■ **GIVEN DATA**
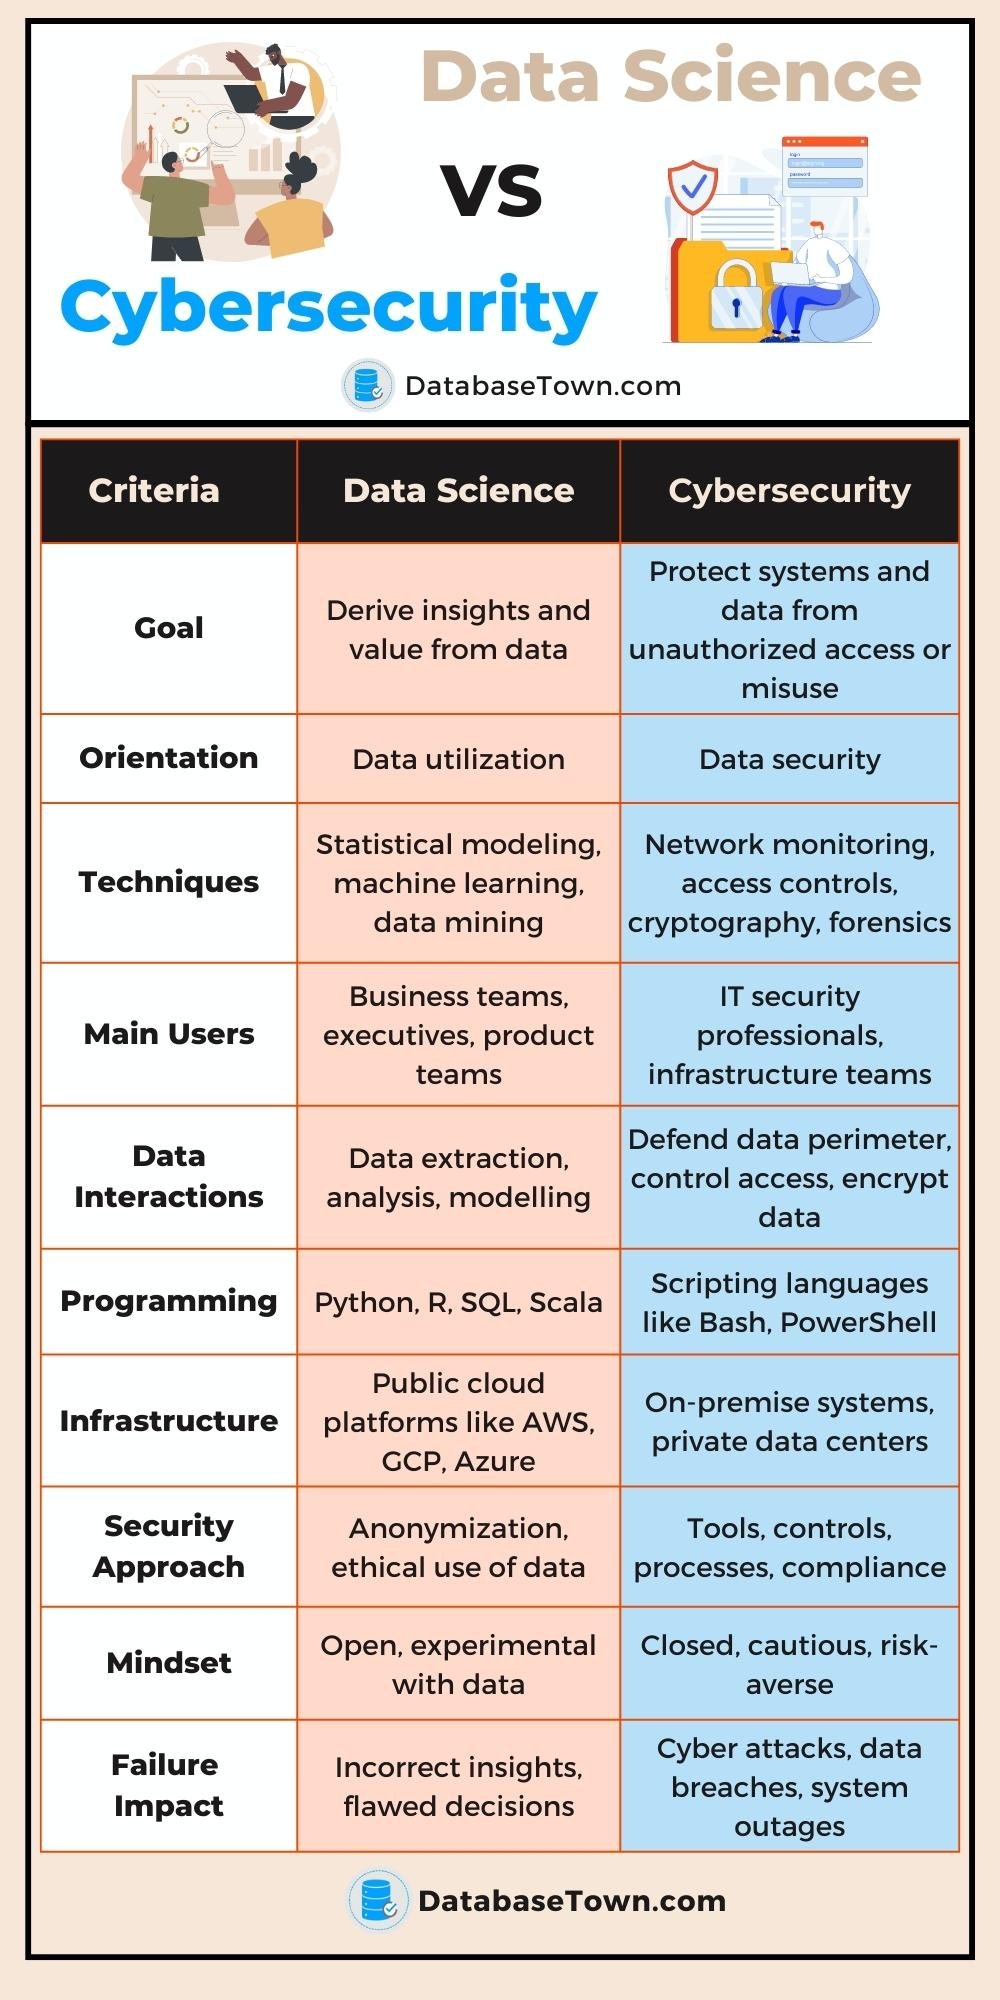 Data Science VS Cybersecurity (Key Differences)
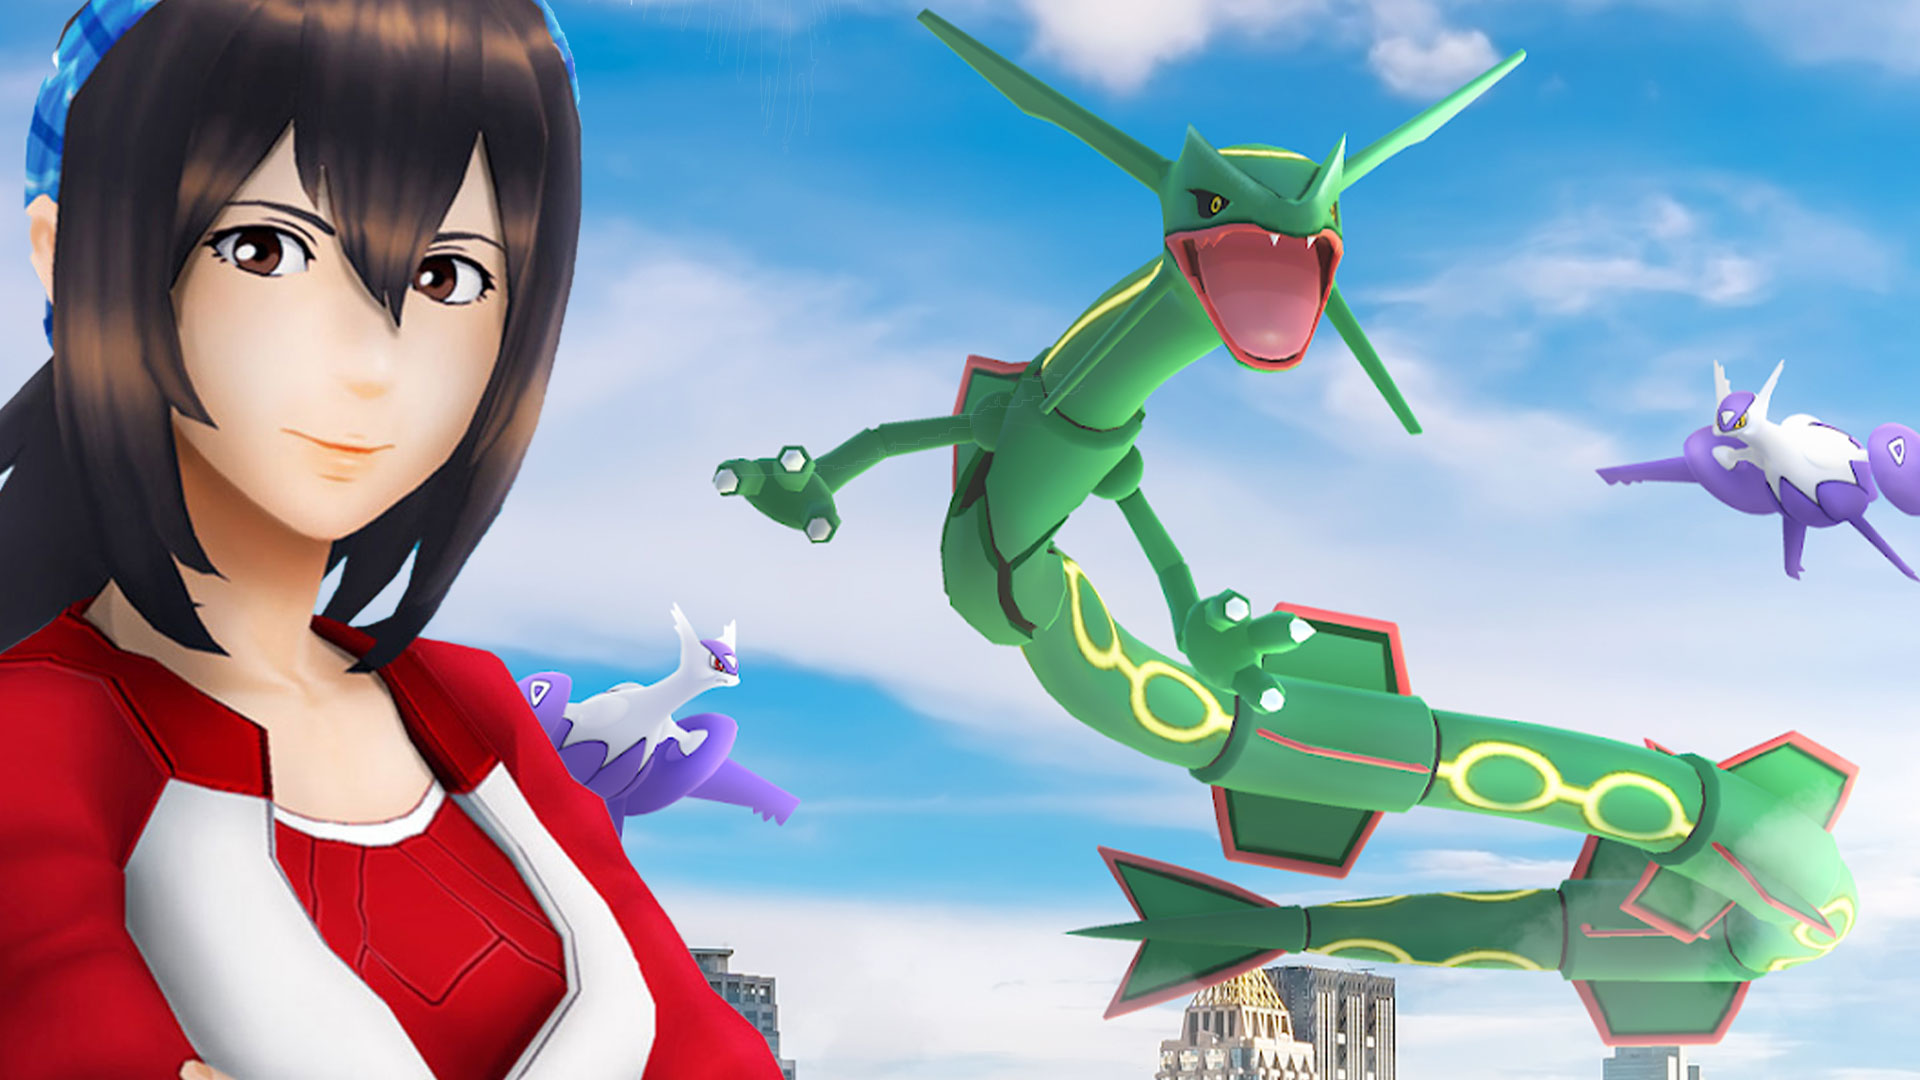 Pokémon GO: Tomorrow starts the Proto-Rumble event with Rayquaza - All spawns and bonuses
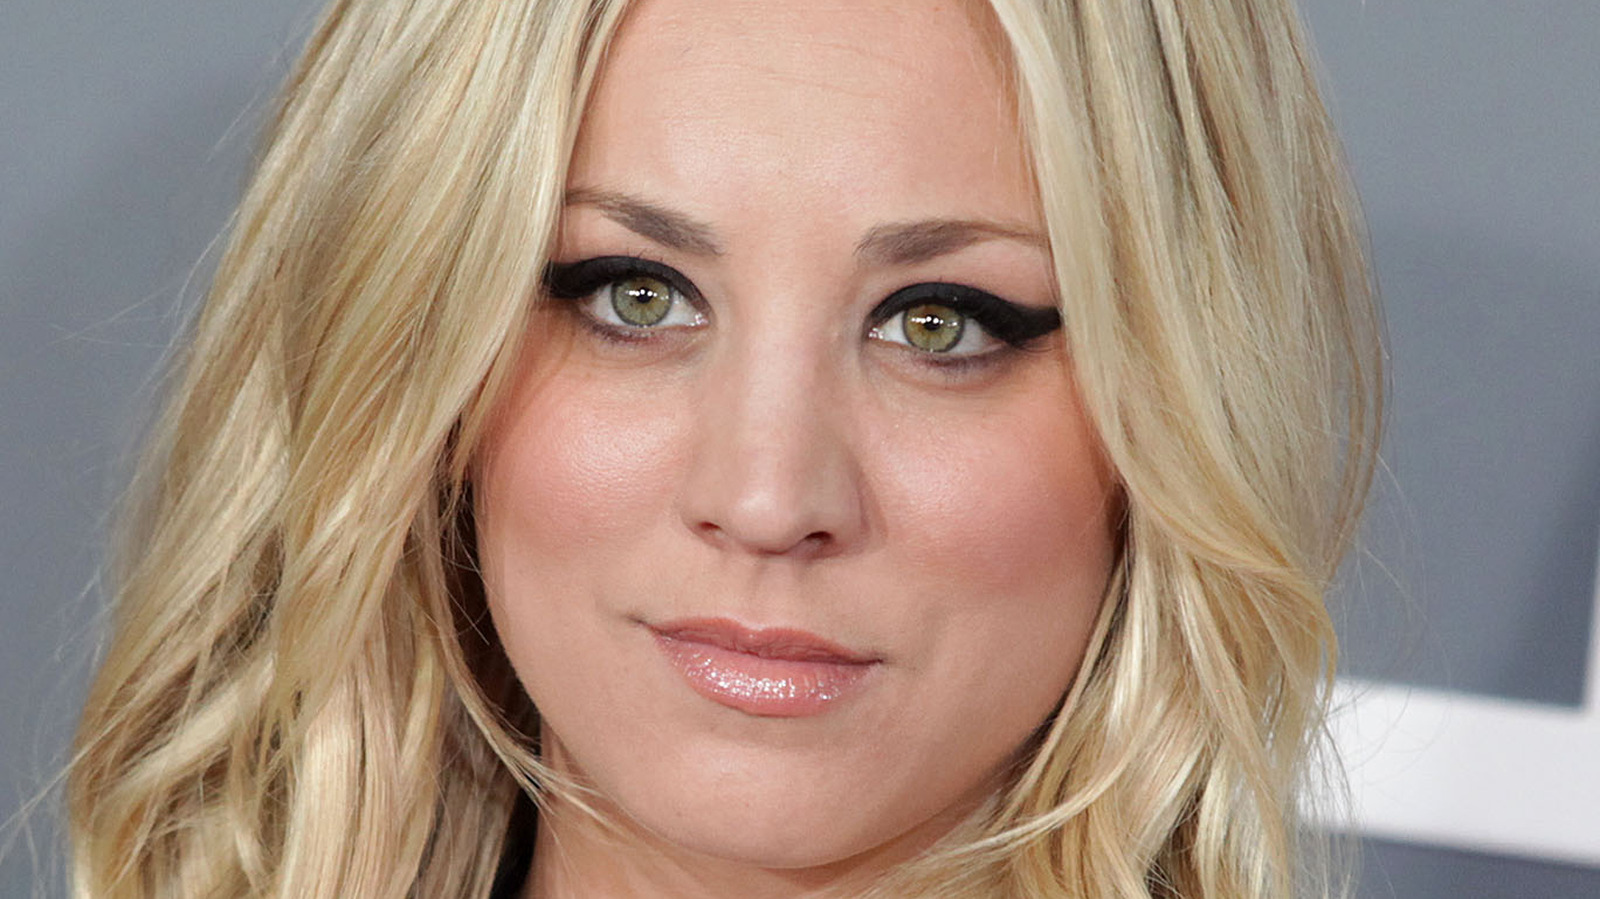 Kaley Cuoco Dildo Porn - Kaley Cuoco Shares A Surprising Secret About Filming The Flight Attendant
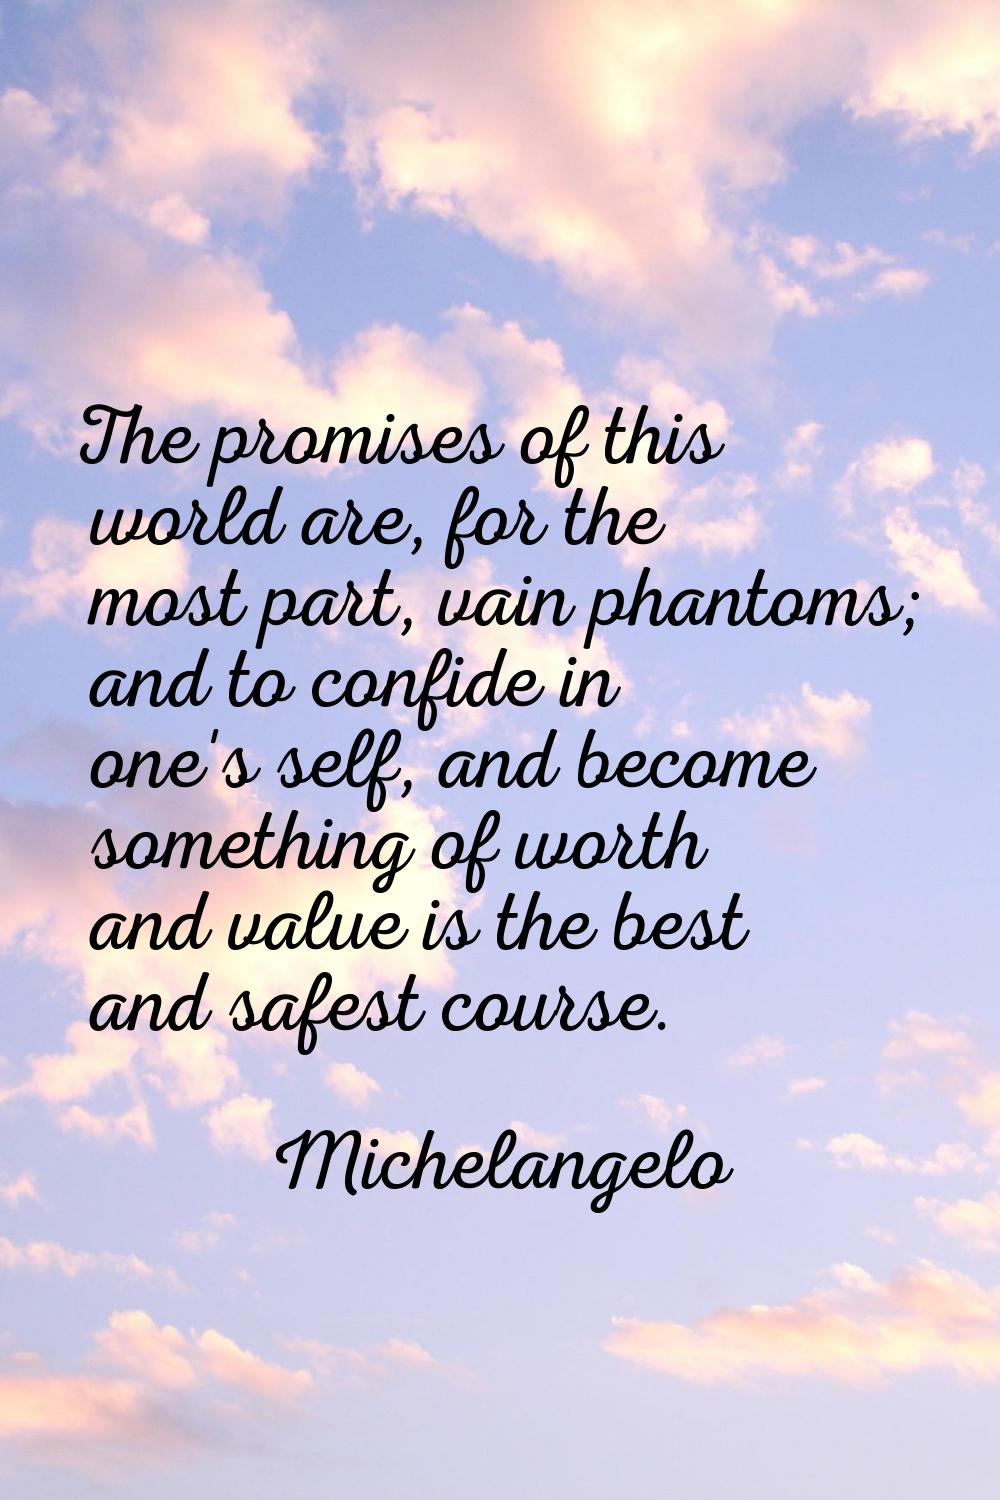 The promises of this world are, for the most part, vain phantoms; and to confide in one's self, and

■ **WORK REQUIRED**
Starting at the line with "Pokémon GO: Tomorrow", transcribe the listing above exactly through its last line. No picture belongs in the transcription.

■ **WRITTEN ANSWER**
 Pokémon GO: Tomorrow starts the Proto-Rumble event with Rayquaza - All spawns and bonuses
 Kaley Cuoco Dildo Porn - Kaley Cuoco Shares A Surprising Secret About Filming The Flight Attendant
 The promises of this world are, for the most part, vain phantoms; and to confide in one's self, and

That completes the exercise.